Exercise brief: Your copy should hold only the lines from the one with "Dennis Hopper, Aus den Sechzigern" to the one with "Einige kleinere Gebrauchsspuren;", both included, each exactly as it stands below, with no pictures.
--- Dataset ---
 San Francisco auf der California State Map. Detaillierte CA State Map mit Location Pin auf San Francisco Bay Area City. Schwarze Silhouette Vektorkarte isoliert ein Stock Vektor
---
--- Dataset ---
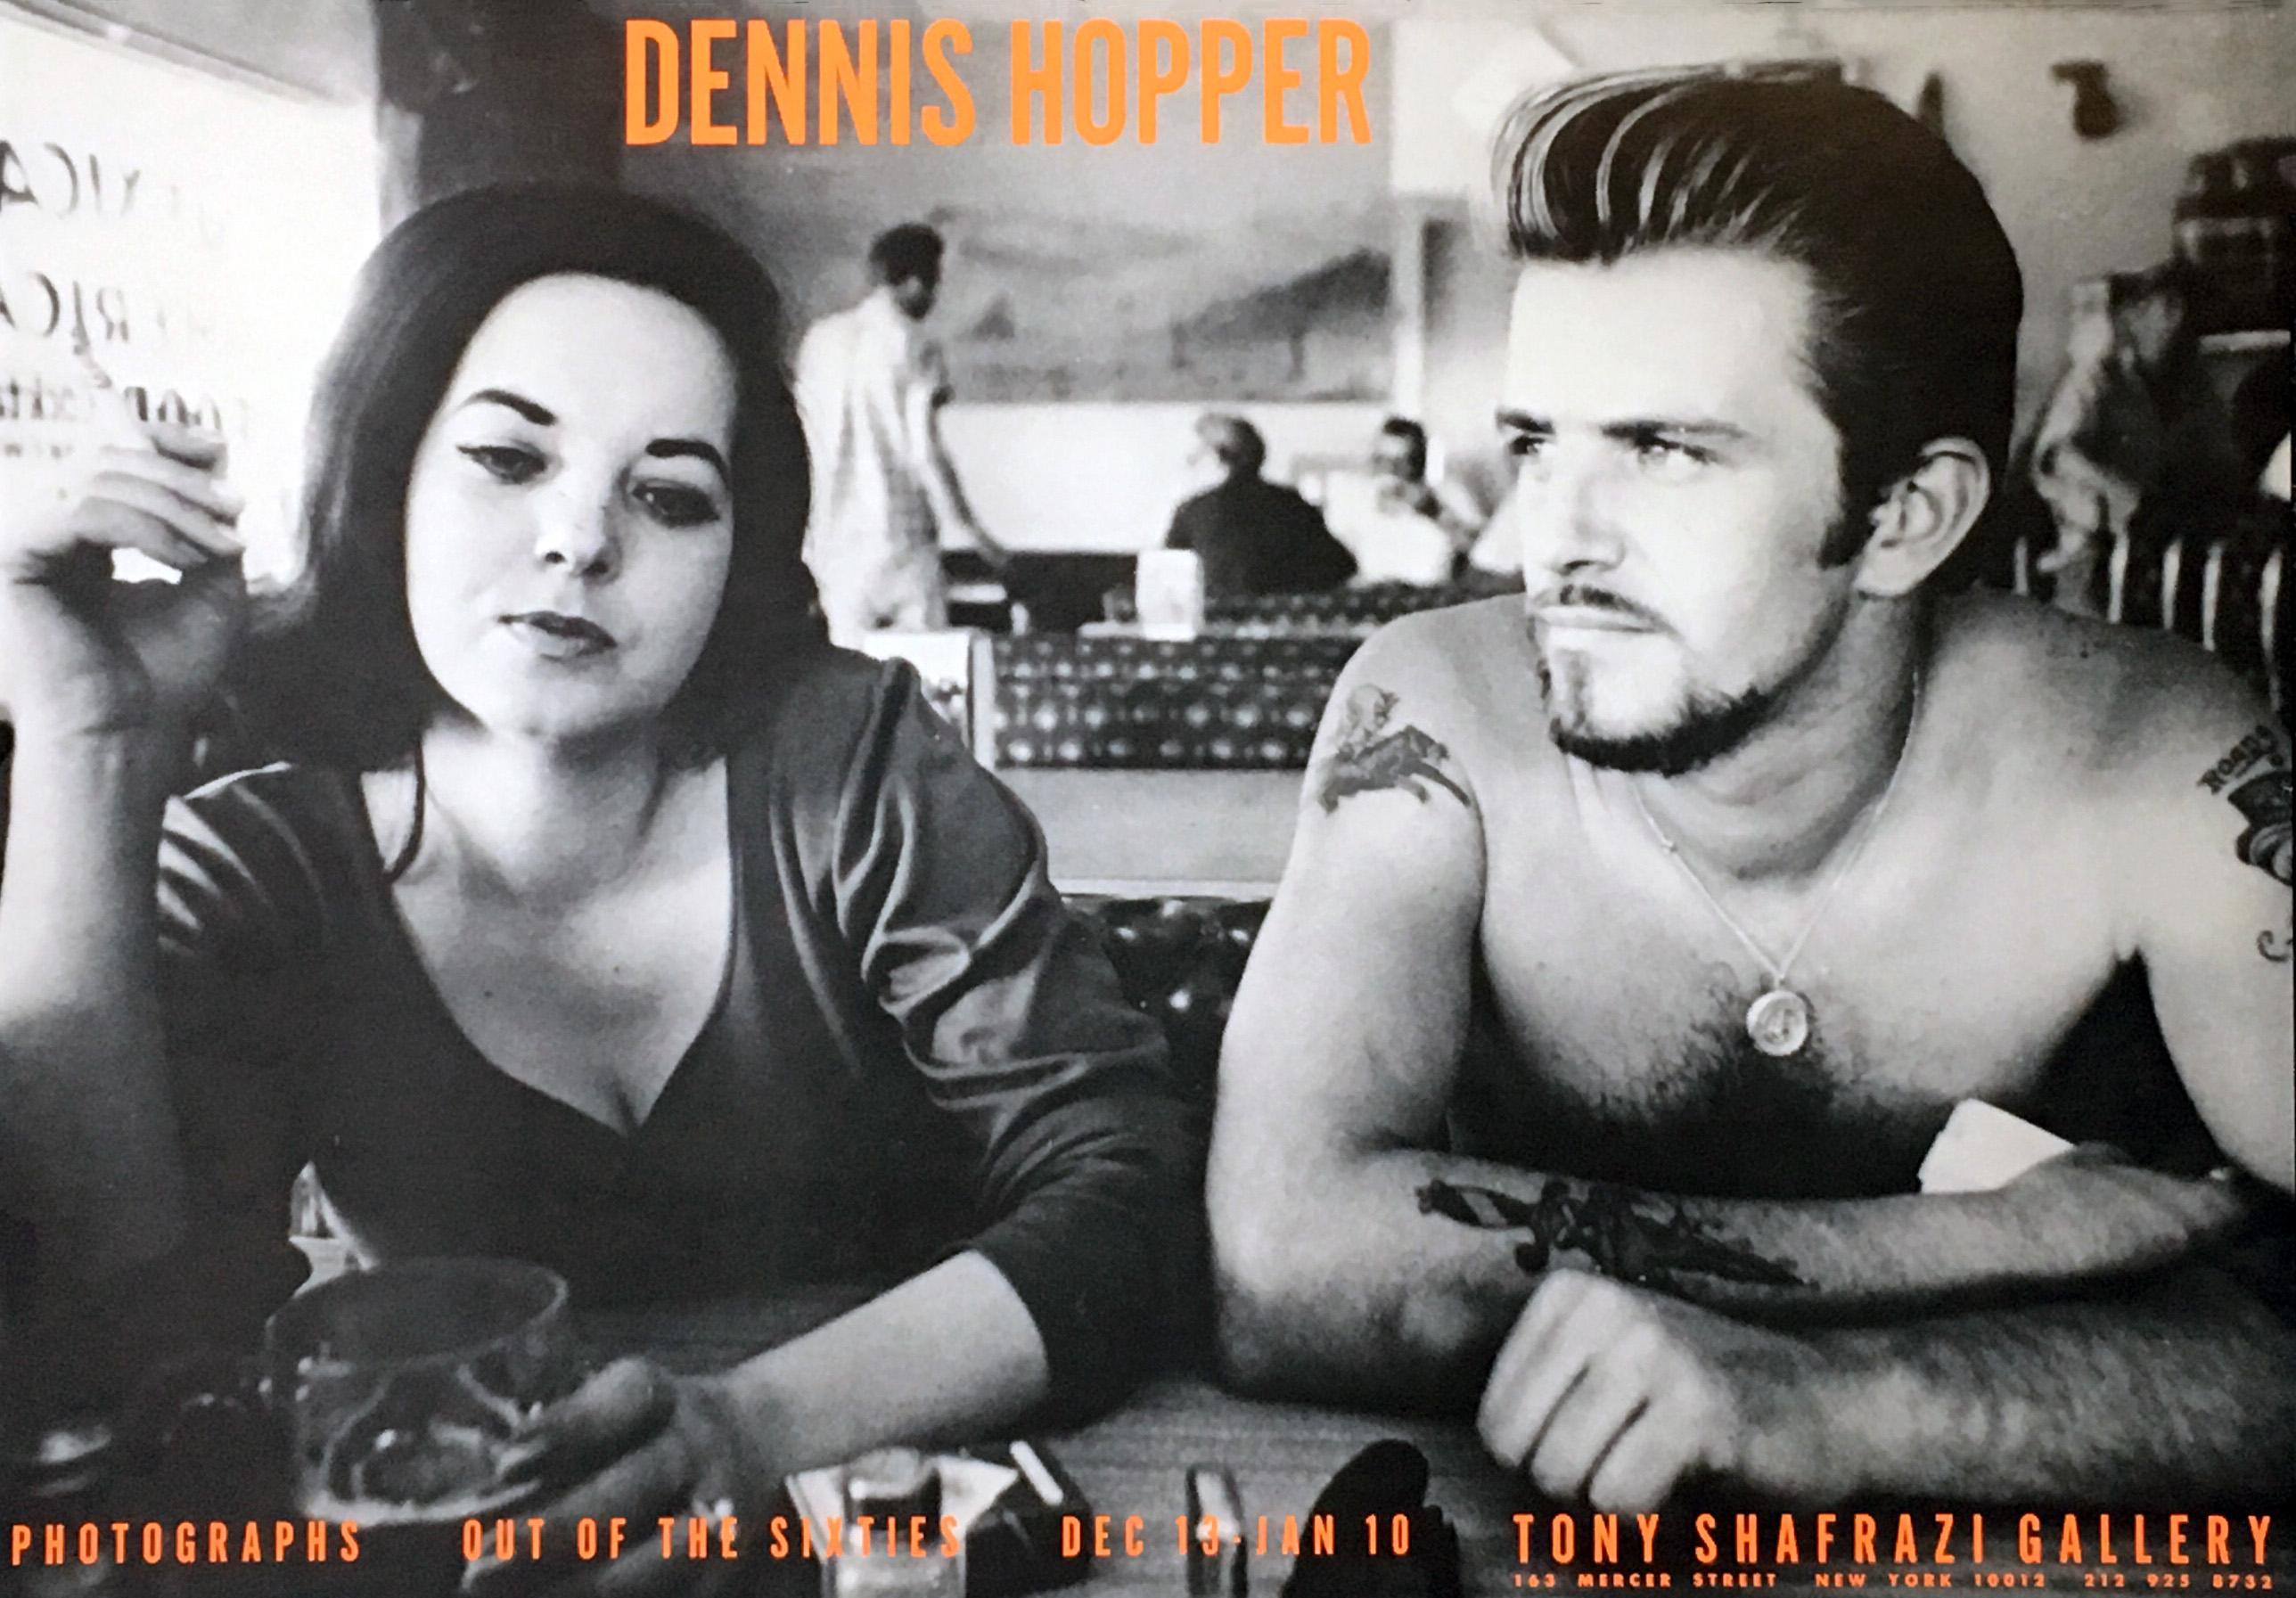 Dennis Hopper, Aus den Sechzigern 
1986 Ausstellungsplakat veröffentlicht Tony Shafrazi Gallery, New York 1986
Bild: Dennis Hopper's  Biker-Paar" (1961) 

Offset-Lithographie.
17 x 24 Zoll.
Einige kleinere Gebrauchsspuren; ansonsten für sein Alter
---
Response:
 Dennis Hopper, Aus den Sechzigern 
1986 Ausstellungsplakat veröffentlicht Tony Shafrazi Gallery, New York 1986
Bild: Dennis Hopper's  Biker-Paar" (1961) 

Offset-Lithographie.
17 x 24 Zoll.
Einige kleinere Gebrauchsspuren; ansonsten für sein Alter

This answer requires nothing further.